#### What you need to do
Print all the data that follows exactly, images excluded.

#### Supplied data
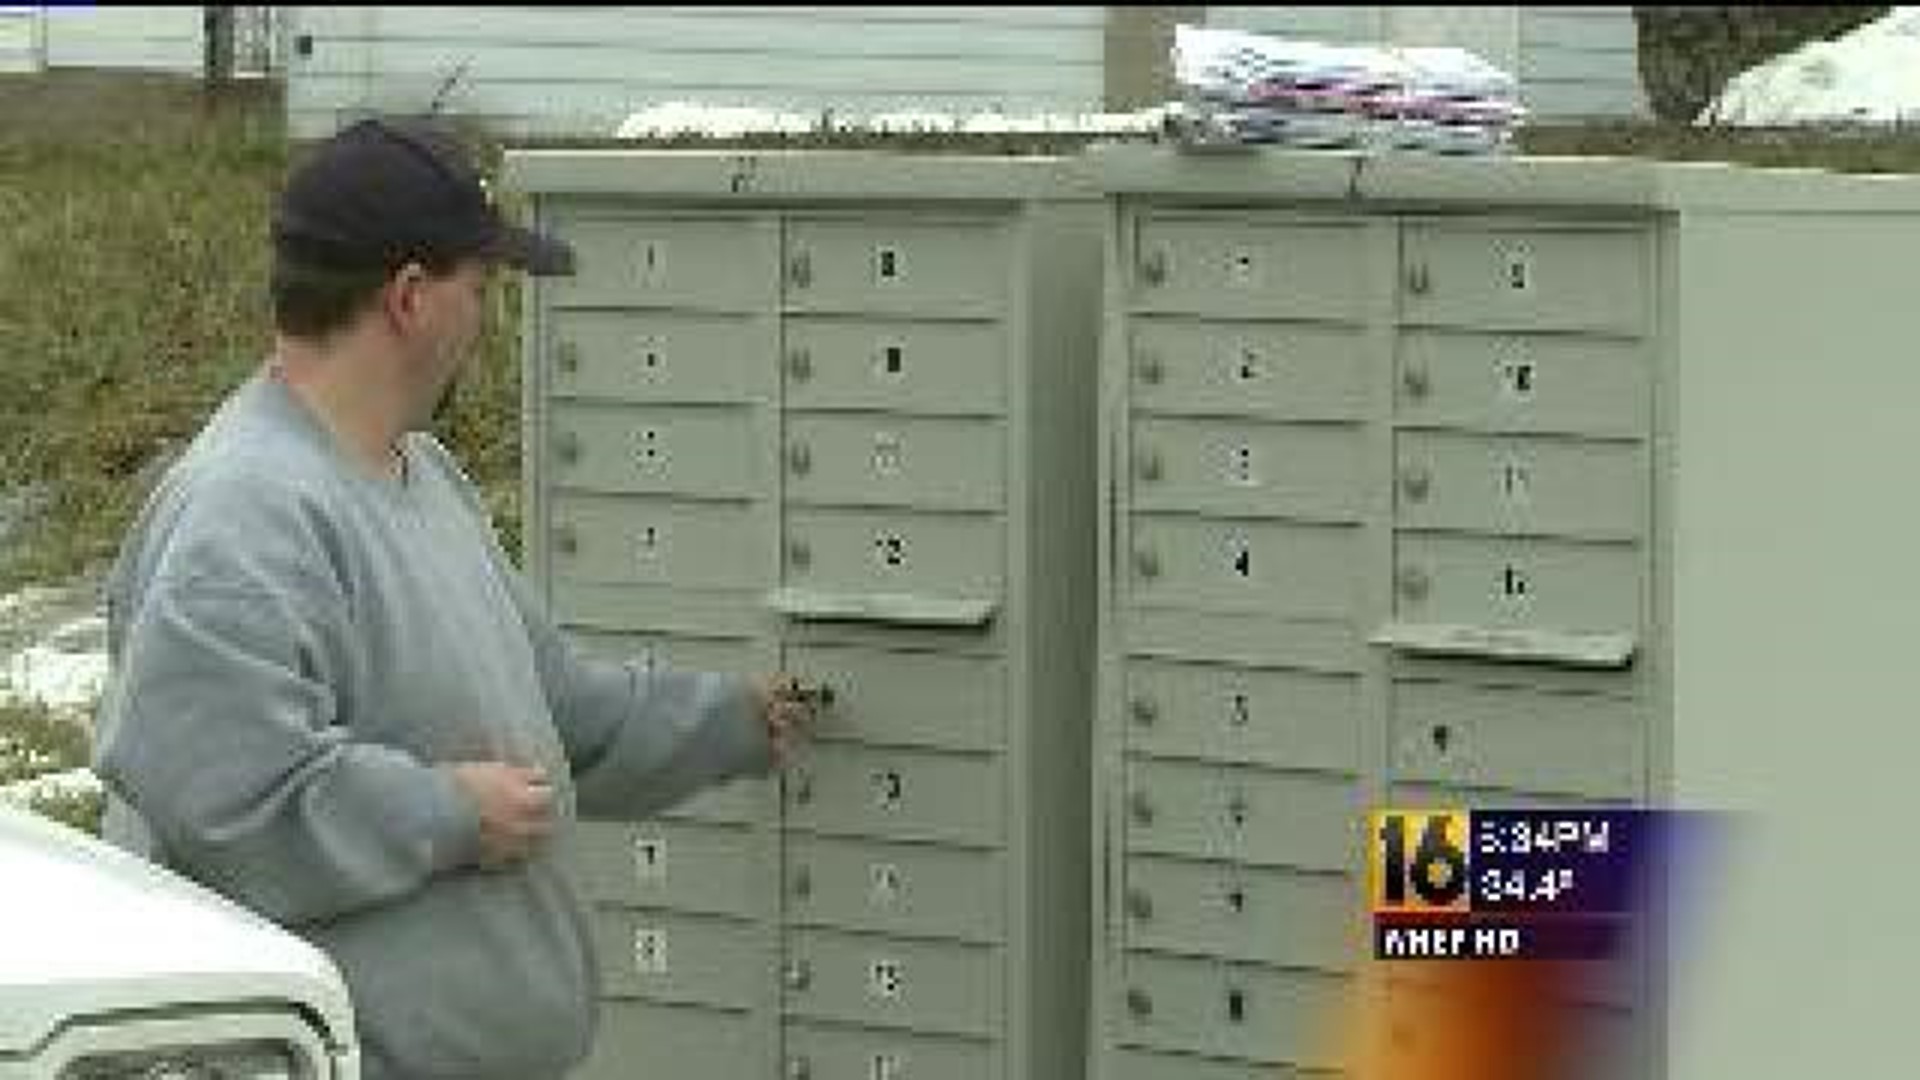 Cluster Boxes Replace Post Office in Gilberton
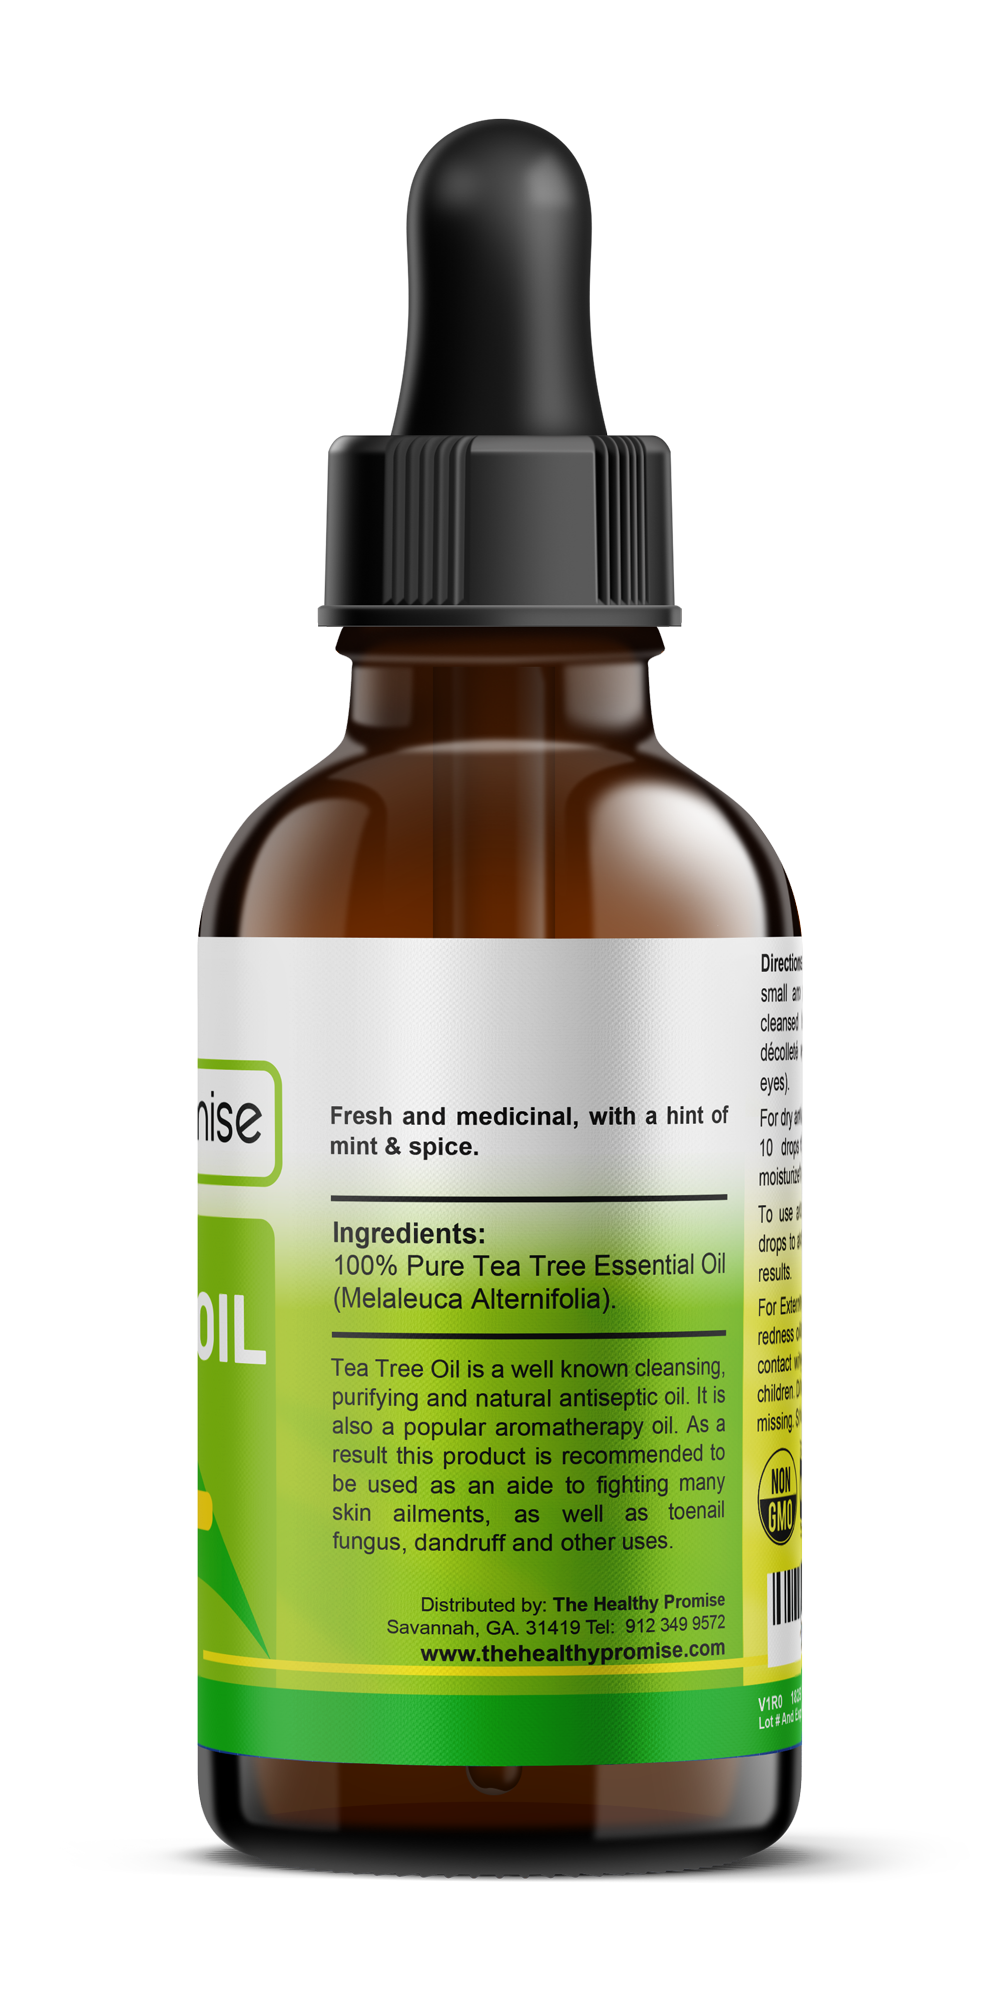 the healthy promise tea tree oil dietary vitamin supplement ingredients
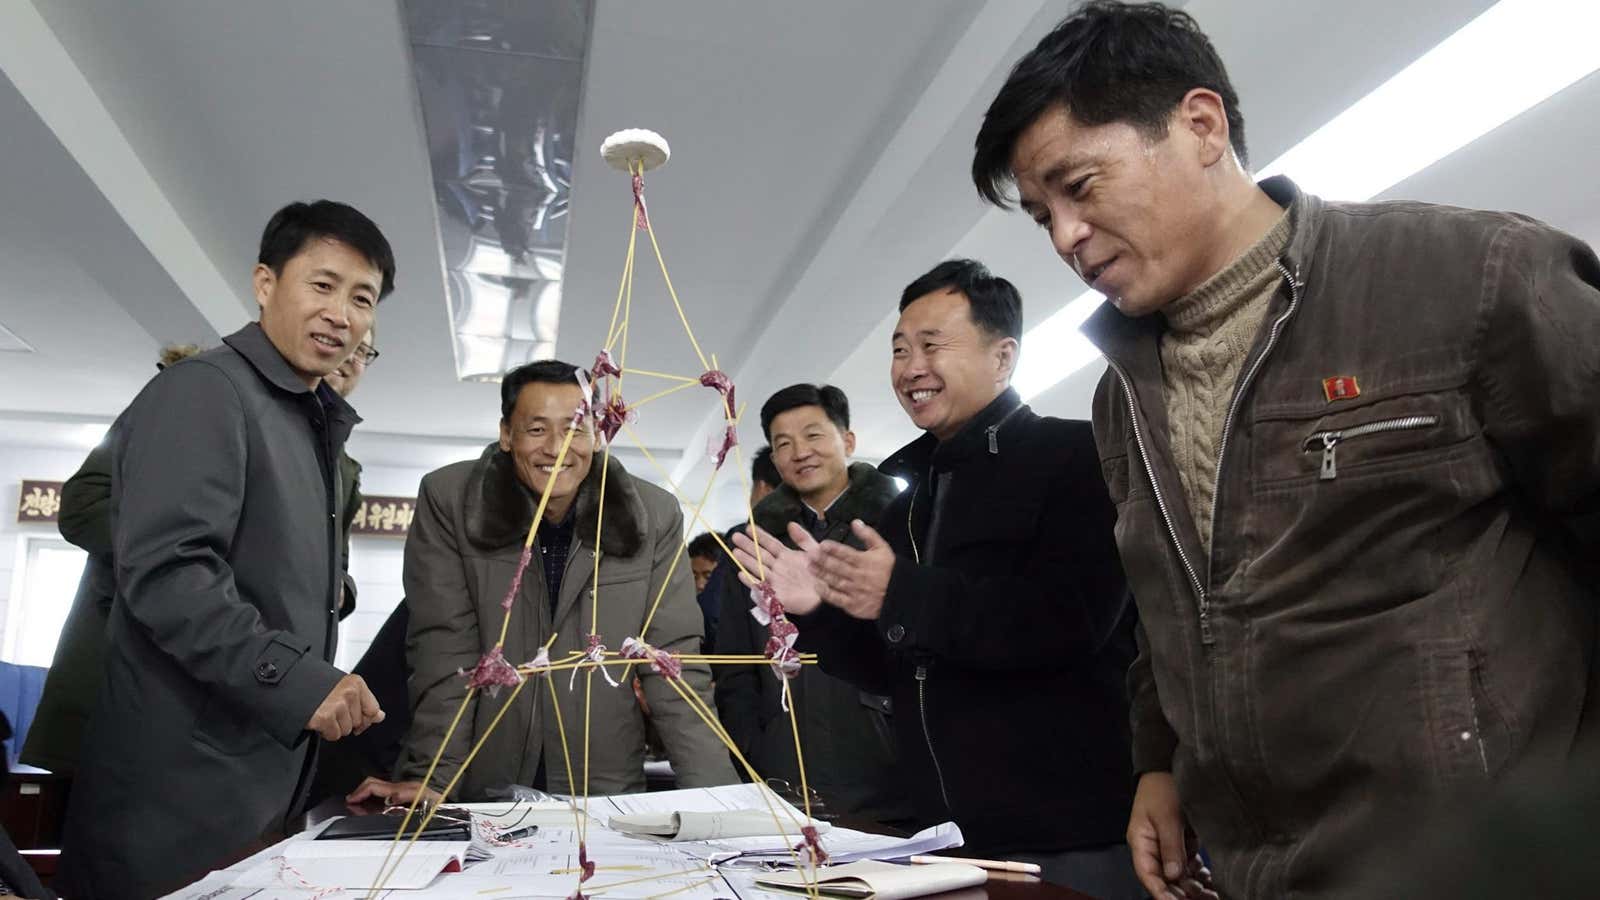 Team building in the DPRK.

#### Solution to the exercise
 Cluster Boxes Replace Post Office in Gilberton
 the healthy promise tea tree oil dietary vitamin supplement ingredients
 Team building in the DPRK.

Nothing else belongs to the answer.